End-to-end reproduction (against pip install joserfc==1.6.7)

bash
# 1. Boot the WSGI server. JWT_SECRET unset to model the misconfigured-secret
#    state.
python3.12 -m venv venv
./venv/bin/pip install joserfc==1.6.7
./venv/bin/python server.py &
# listens on :8383
# 2. Run the attacker
./venv/bin/python attacker.py

Captured run output (canonical pre-fix run, joserfc 1.6.7, poc-attacker-empty-20260523-150949.log):

forged token: eyJhbGciOiAiSFMyNTYiLCAidHlwIjogIkpXVCJ9.eyJzdWIiOiAiYXR0YWNrZXIiLCAiYWRtaW4iOiB0cnVlLCAiaWF0IjogMTc3OTUyMDU4OSwgImV4cCI6IDE3Nzk1MjExODl9.yE8nFmSVmQJ2Slft-BlxD04ypabkV128XbPcU6SRnBY
HTTP 200
OK: sub='attacker' admin=True

Control (real 256-bit secret, poc-control-realkey-20260523-150959.log):

forged token: eyJhbGciOiAiSFMyNTYi...
HTTP 401
DENY: BadSignatureError: bad_signature:

Interpretation:

ConfigurationObservedExpected
JWT_SECRET unset (== "")HTTP 200, admin=True (verified)HTTP 401
JWT_SECRET = 256-bit valueHTTP 401, BadSignatureErrorHTTP 401

The first row demonstrates that an attacker with zero knowledge of the verification secret reaches the protected path by signing with the empty key. The second row confirms the verifier behaves correctly when the secret is non-empty, proving the bug is gated only on the secret being empty rather than on any structural defect in the attacker's token.

Fix verification: with the suggested empty-key reject wired into HMACAlgorithm.sign / .verify, the empty-secret server re-run rejects the same forged token with ValueError: HMAC key must not be empty.

Impact

  • Complete authentication bypass on any service whose key finder resolves

to "" / None (env var unset, DB row missing, fallback). Attacker forges arbitrary claims (sub, admin, scopes, audience, expiry).

  • The misconfiguration that triggers the bug is silent: the server does

not fail to boot, joserfc emits a single SecurityWarning ("Key size should be >= 112 bits") at OctKey.import_key time and then proceeds.

  • Severity matches the parent (ruby-jwt CVE-2026-45363, CVSS 7.4 high).

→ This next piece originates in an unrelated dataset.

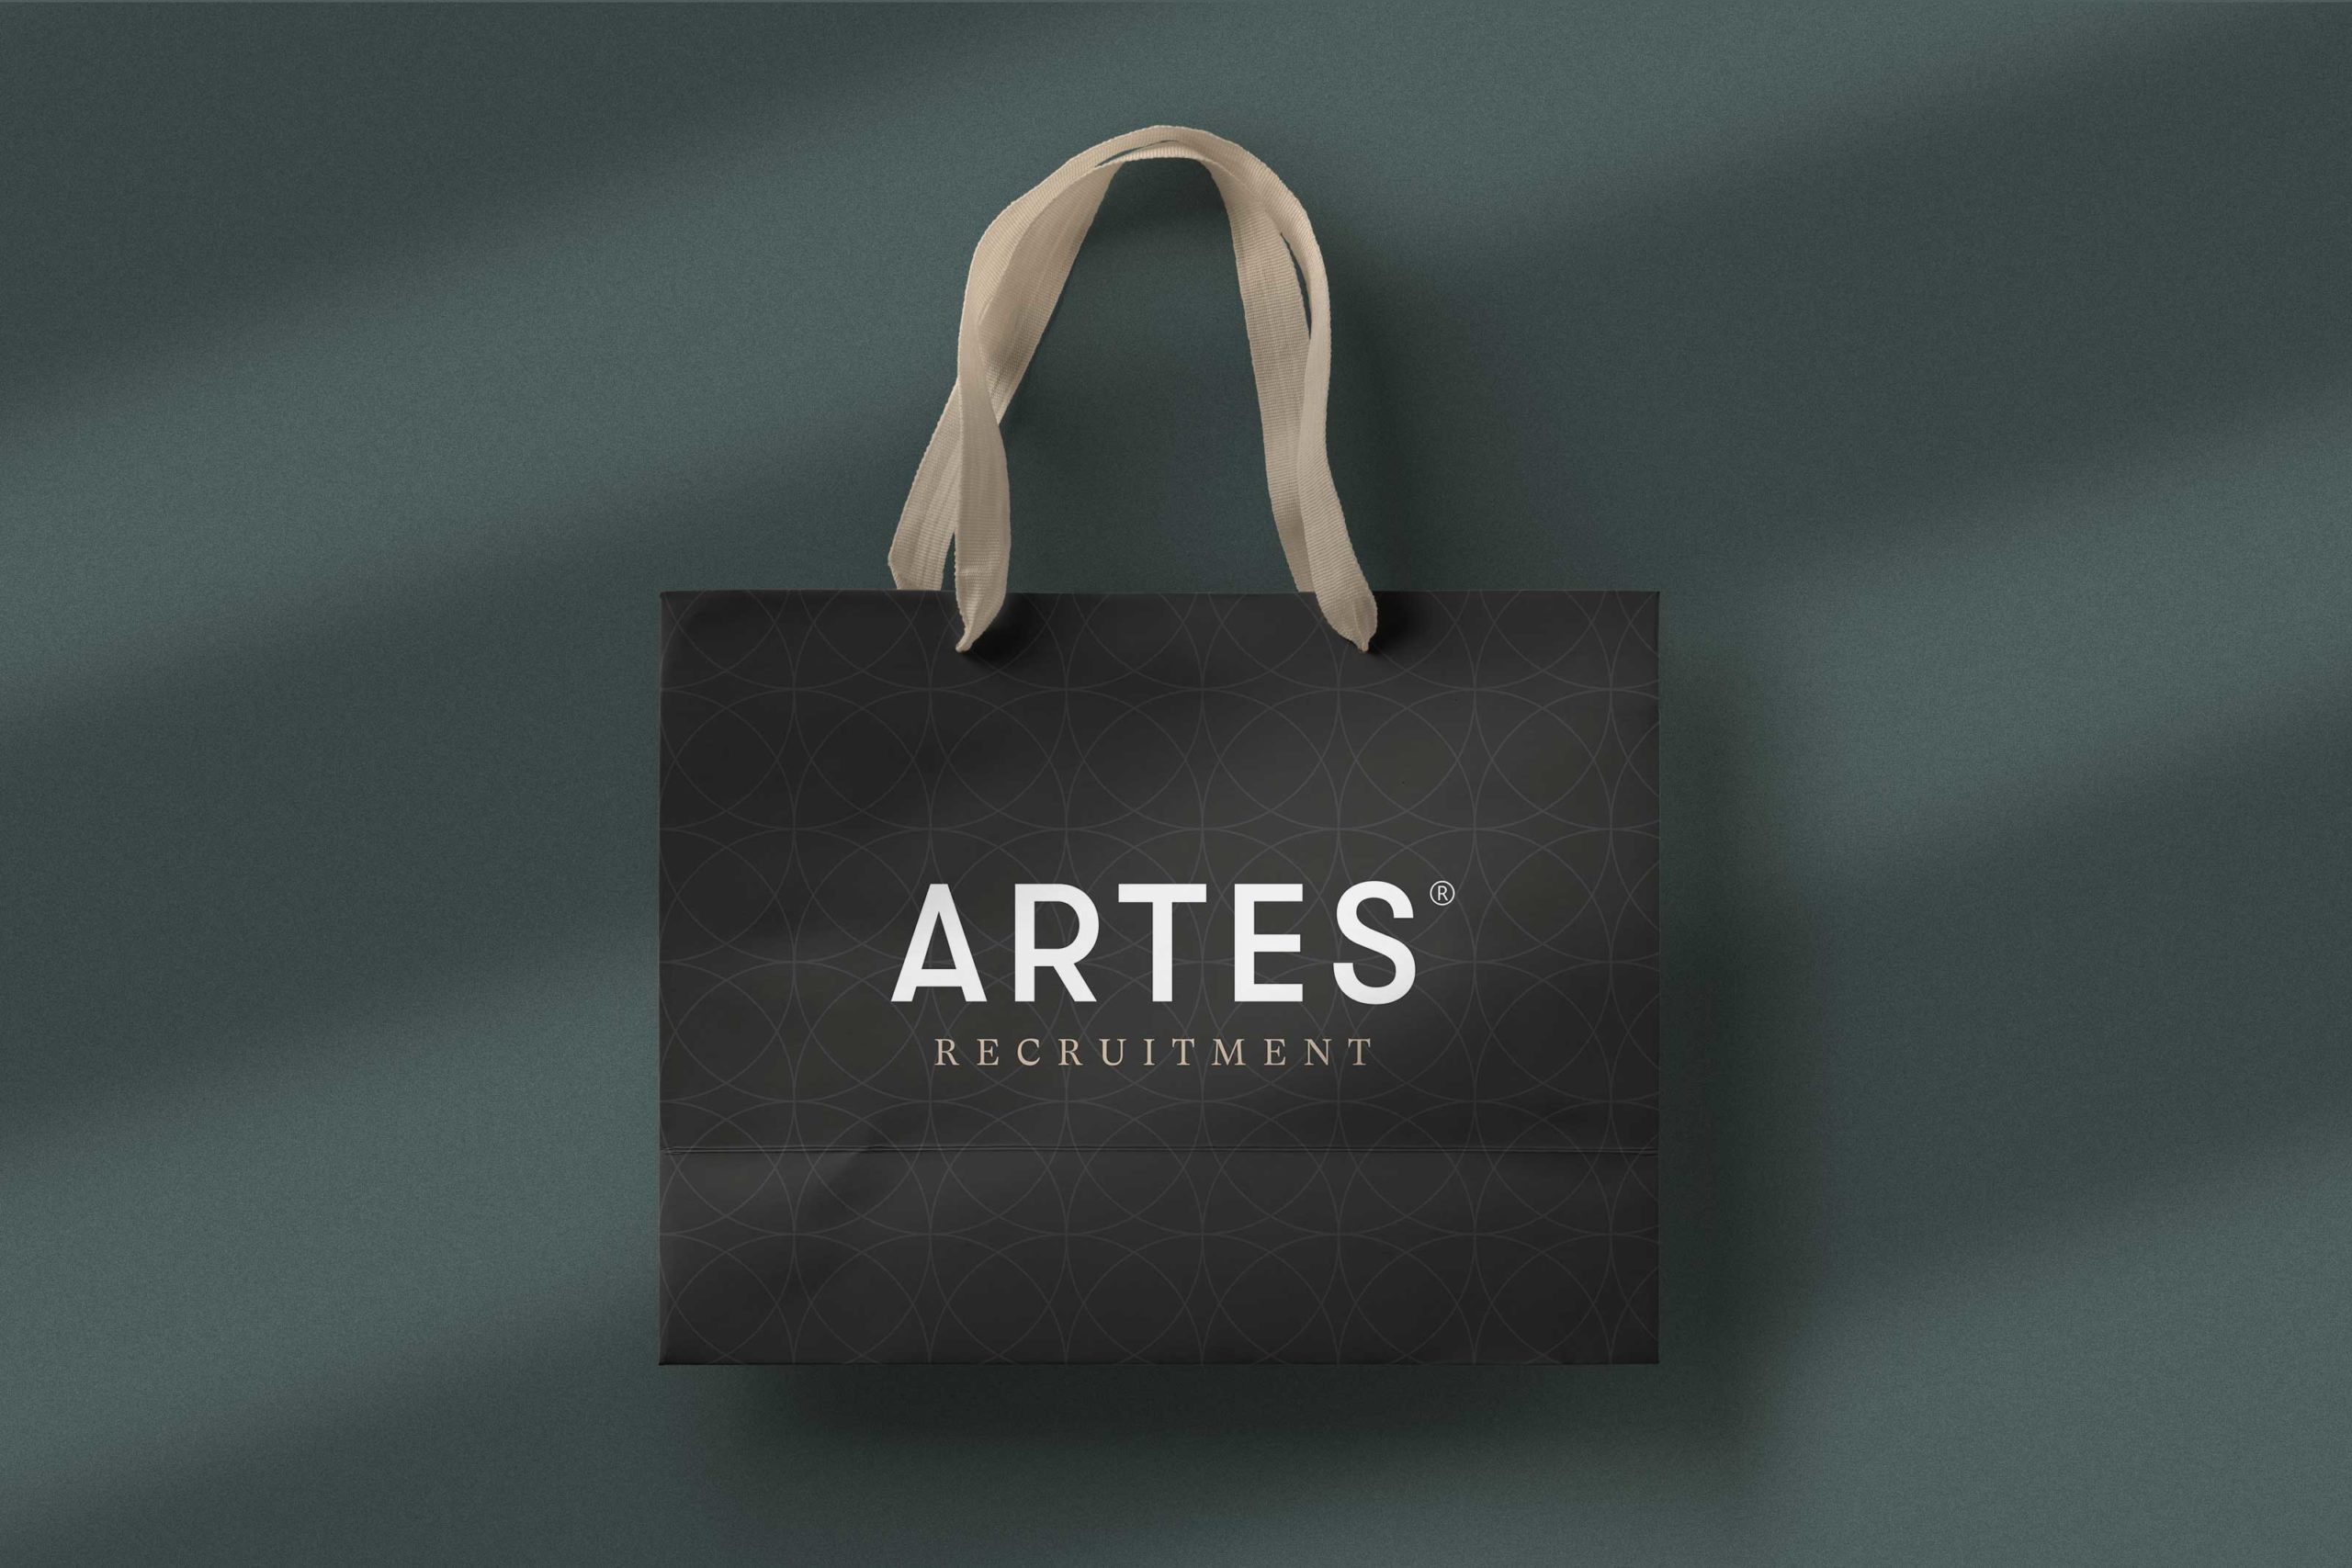 ARTES Recruitment Corporate Design, Corporate Design Agentur, Designagentur Frankfurt, Grafikdesign, Logodesign, Branding, Webdesign

CVSS:3.1/AV:N/AC:H/PR:N/UI:N/S:U/C:H/I:H/A:N - AC:H because of the operator-misconfiguration precondition; impact otherwise matches authentication bypass.

Suggested fix

Upgrade the existing < 14 bytes warning in OctKey.import_key to a hard reject at len(key.raw_value) == 0, plus a defence-in-depth check in HMACAlgorithm.sign and HMACAlgorithm.verify after key.get_op_key(...):

python
# src/joserfc/_rfc7518/oct_key.py
@classmethod
def import_key(cls, value, parameters=None, password=None) -> "OctKey":
    key: OctKey = super(OctKey, cls).import_key(value, parameters, password)
    if not key.raw_value:
        raise ValueError("oct key material must not be empty")
    if len(key.raw_value) < 14:
        warnings.warn("Key size should be >= 112 bits", SecurityWarning)
    return key
# src/joserfc/_rfc7518/jws_algs.py
class HMACAlgorithm(JWSAlgModel):
    ...
    def sign(self, msg: bytes, key: OctKey) -> bytes:
        op_key = key.get_op_key("sign")
        if not op_key:
            raise ValueError("HMAC key must not be empty")
        return hmac.new(op_key, msg, self.hash_alg).digest()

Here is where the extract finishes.